During the first month of our Google Summer of Code, I have been working along 3 distinct avenues:
1. Compiling news domains
Coming into the project, we had several lists of questionable domains:
The OpenSources list that I worked with previously (the BS-detector Chrome extension is based on this list)
Guy posted a list from Politifact
We were also looking at using MediaBiasFactCheck.com since they seem to have a very comprehensive list, with categorization that may align with our needs (for ex. least-biased vs right-biased vs left-biased), as well as some information about each source.
I wanted to aggregate all of this information/categorization in one place, so I put together a CSV of all domains from the three sources above (~2k domains), along with the categories assigned by each, any additional comments, etc. It's been interesting to look at the overlap as well as at the discrepancies among these. This file will probably have several applications throughout the course of the summer and will be made available to the general public.
2. Crawling news domains
Later this summer we may end up building one or more text classifier that would classify a news article based on its content (rather than the source where it was published). For example, we may build a classifier for distinguishing sensationalist vs. objective news style, a classifier for detecting right vs. left bias, etc. The first step for any of these endeavors, of course, is to collect data.
I have started to crawl the domains from the compiled file mentioned above.

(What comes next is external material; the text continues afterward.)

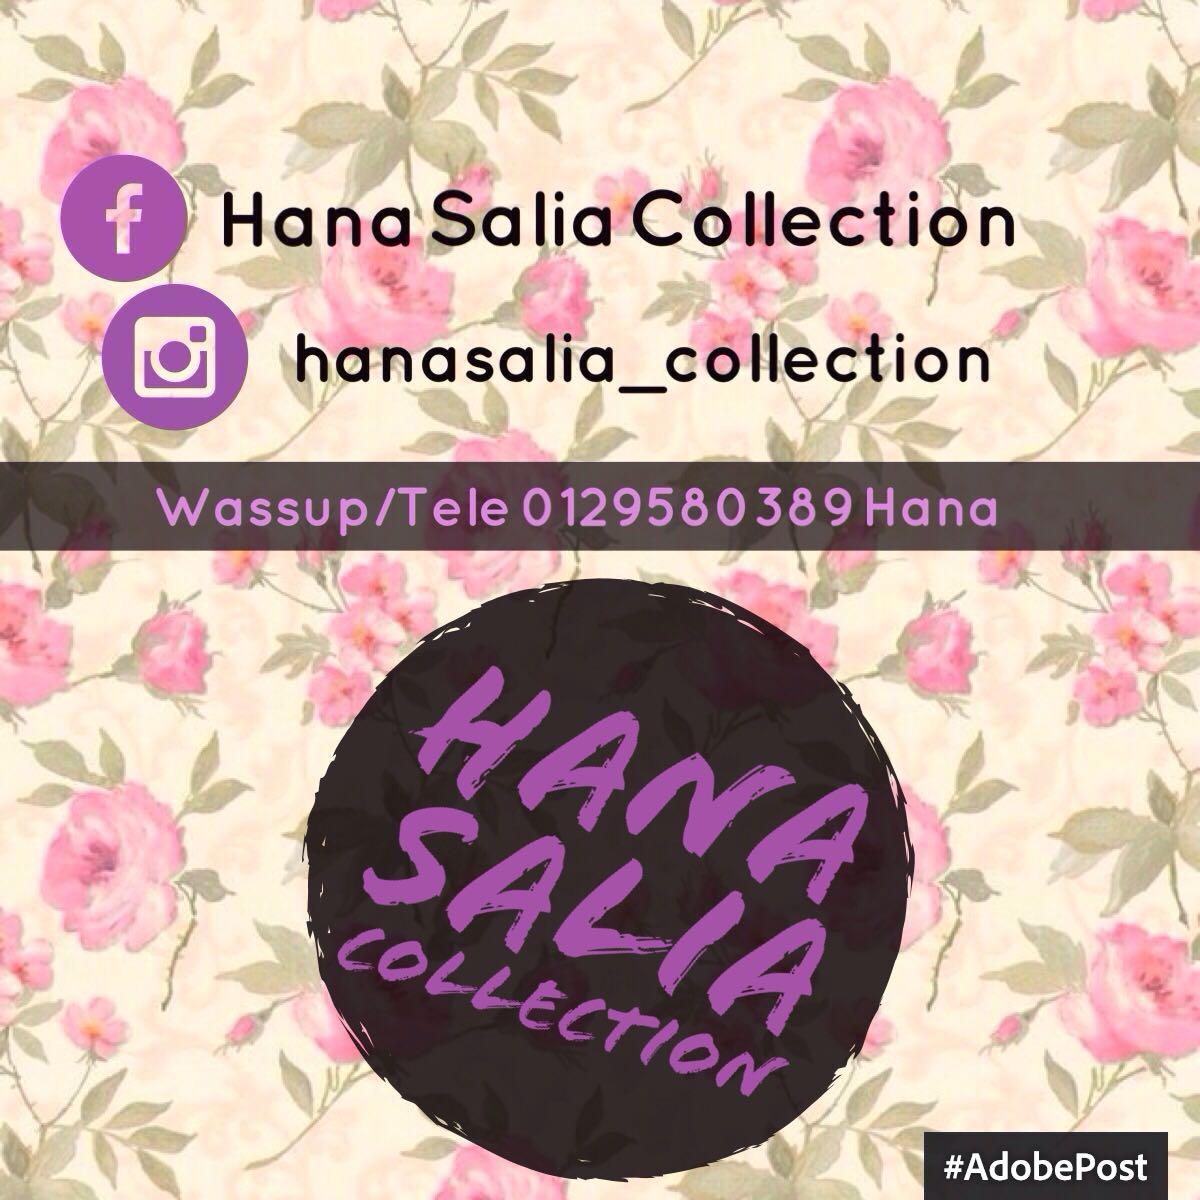 hanasaliacollection
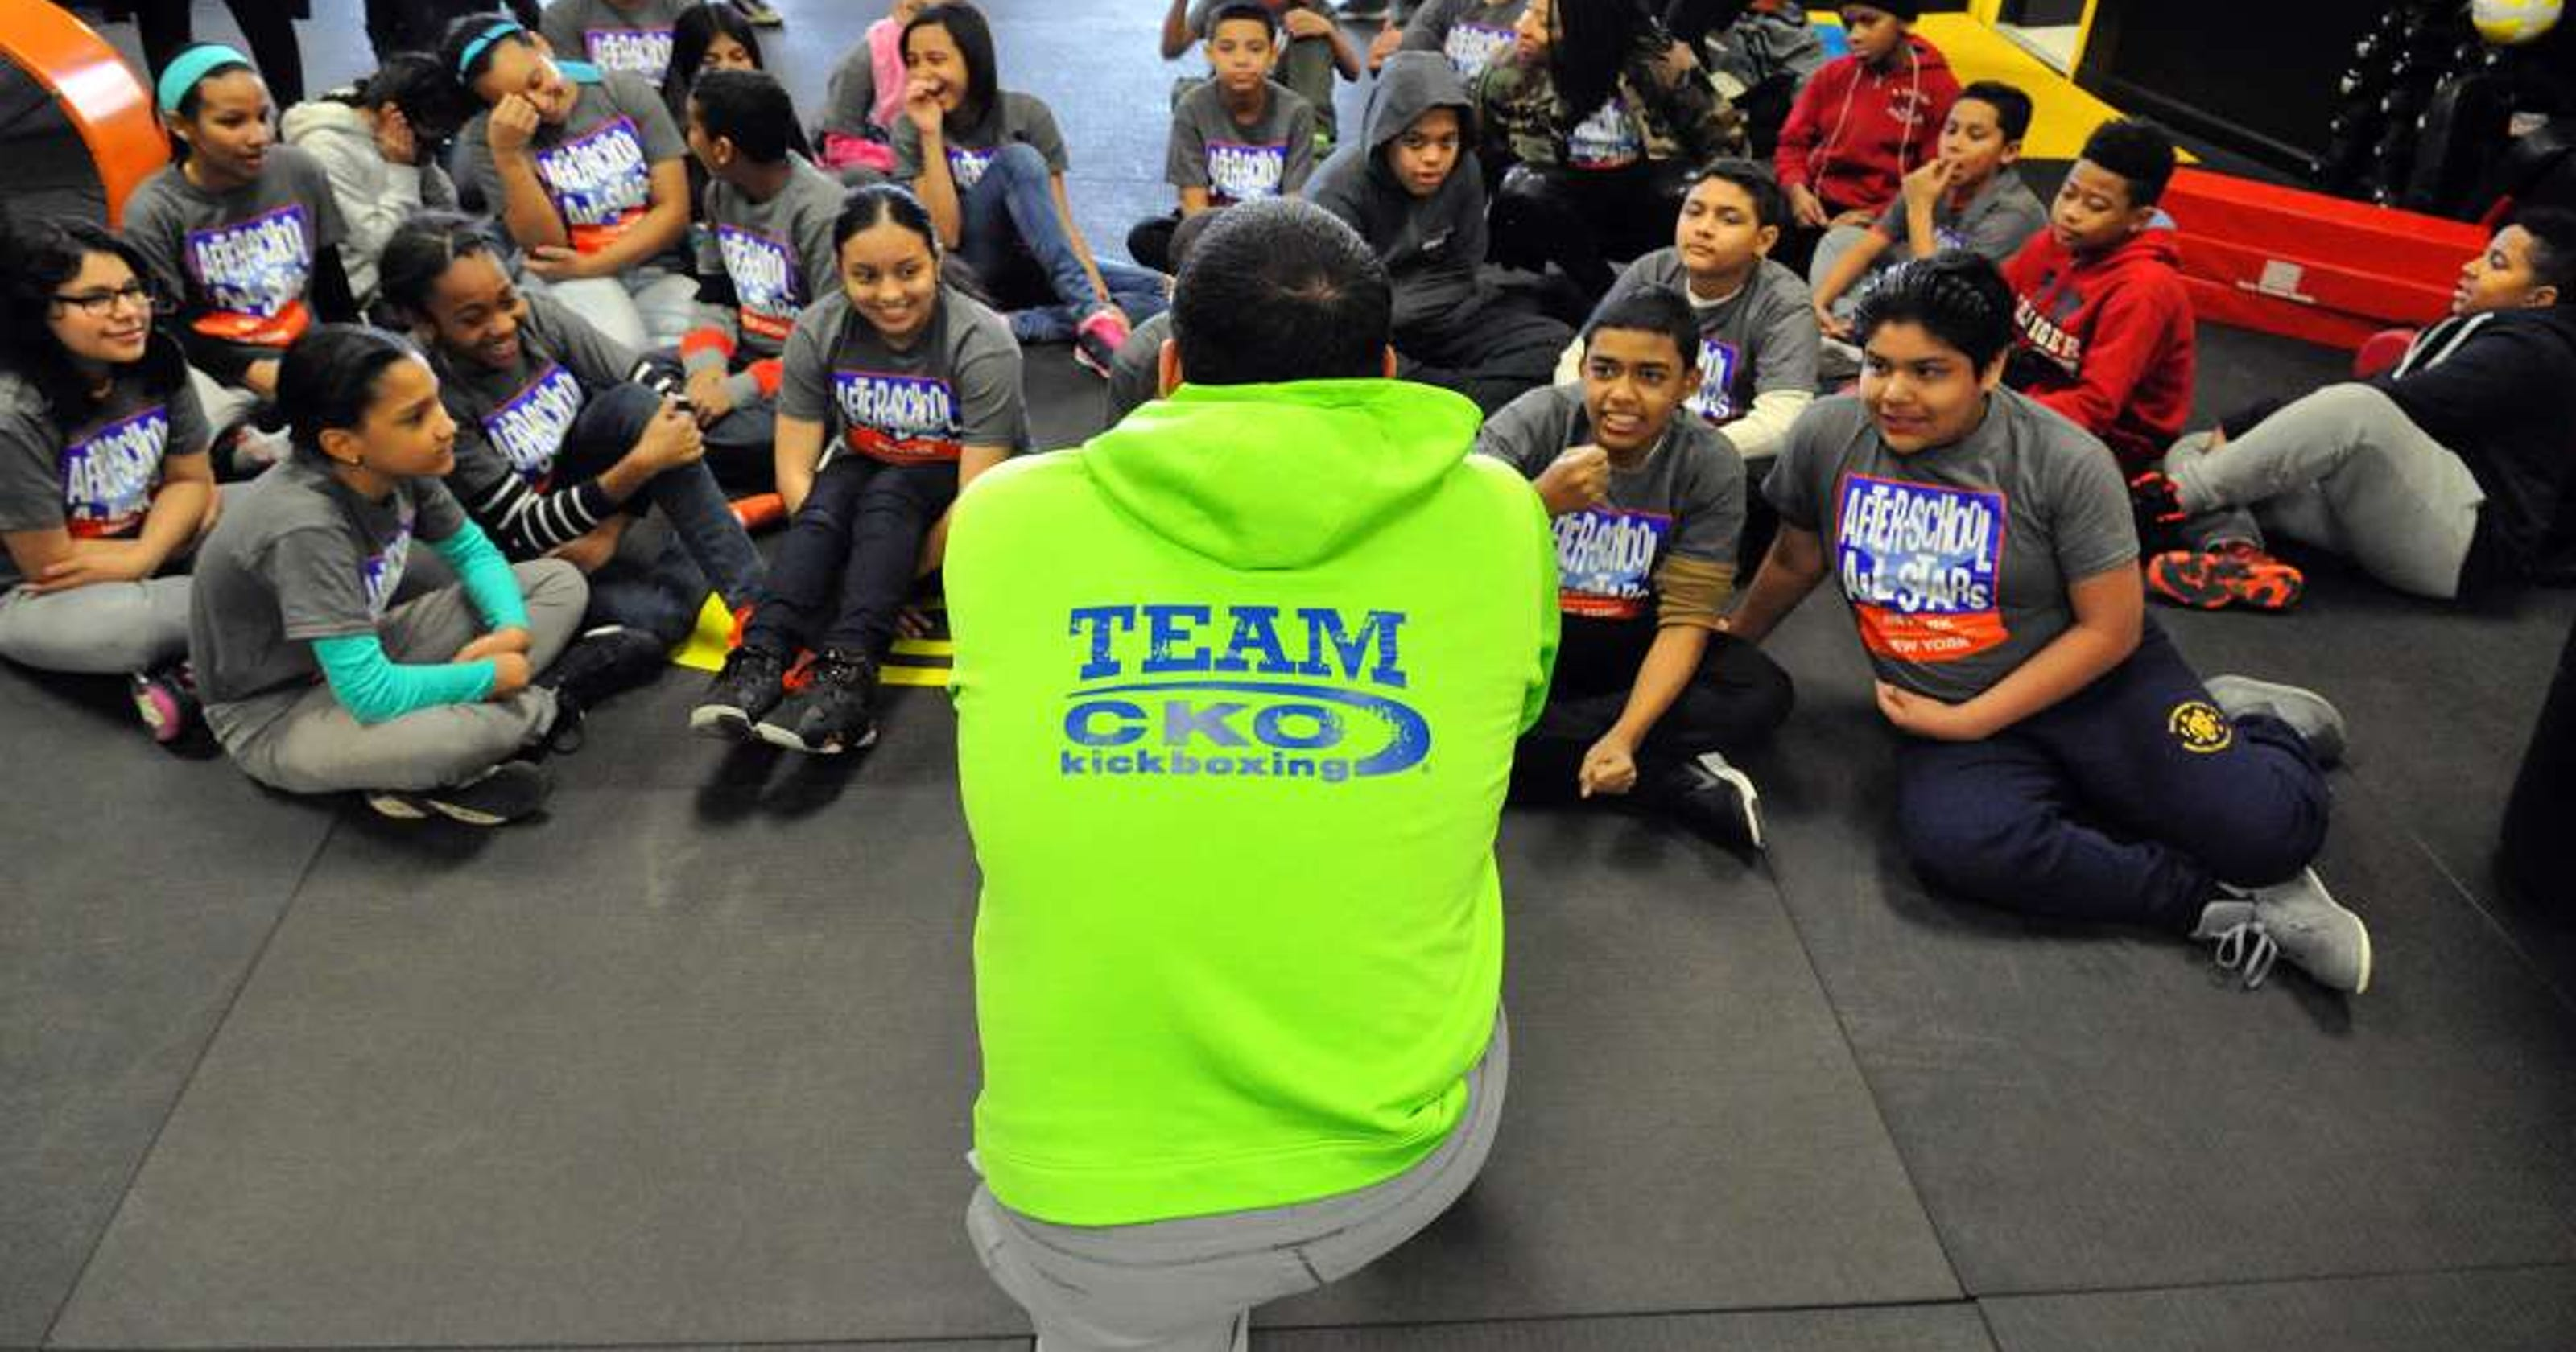 Kids kick it into gear at CKO Kickboxing in Wayne

My approach is to tread carefully and thoughtfully in order to ensure "clean", cohesive datasets, rather than to try to automatically crawl all domains and gather as much data as possible. I hand-pick each domain to be crawled, based on information from MBFC, Open Sources, and Politifact, as well as my own judgement - only picking those domains that clearly exhibit characteristics of a potential category (ex. sensationalist, objective, pseudoscience etc.)
I am still in the process of checking the domains and adding them to the crawler. As of today (6/24), I am crawling over 100 domains, accumulating more than 1k articles daily.
3. Source Checker
GSOC mentor Amra Dorjbayar (VRT) pitched an idea for a useful demo tool - a source checker that takes a text, chops into pieces, googles the result, and returns the sources that publish this text, as well as a warning if one of the sources is not reputable. I have started putting together a prototype for this:
Using Pattern's n-gram module, I break the text into n-grams
I discard n-grams that would not be useful for googling, such as n-grams that consist primarily of named entities (ex. 'Rand', 'Paul', 'of', 'Kentucky', 'Ted', 'Cruz', 'of', 'Texas', 'Mike', 'Lee') or of stop-words (ex. 'to', 'being', 'able', 'to', 'boast', 'about', 'the', 'adoption', 'of', 'a')
I pick a random subset of the remaining n-grams and run them through Pattern's Google API
I use Pattern's Intertextuality module to choose only those results that match the text
These results can then be matched against our file of domains, and we can return to the user information about the sources that publish the text, potentially along with some sort of graph visualization
For evaluation, I am using a random subset of the crawled news articles (see above) - I break each article into snippets of various lengths, run each snippet through the tool, and check whether the domain from which the article was crawled matches one of the domains returned by the tool.
Unfortunately, this work got stalled because of Google's API query limit, so the parameters have not yet been tested and tuned. We are currently looking into using a peer-to-peer search engine like Faroo and YACY, as well as into getting budget to continue work on the Google functionality.
Overall, I believe our project is off to a great start, and I am excited to see what we achieve in July and August.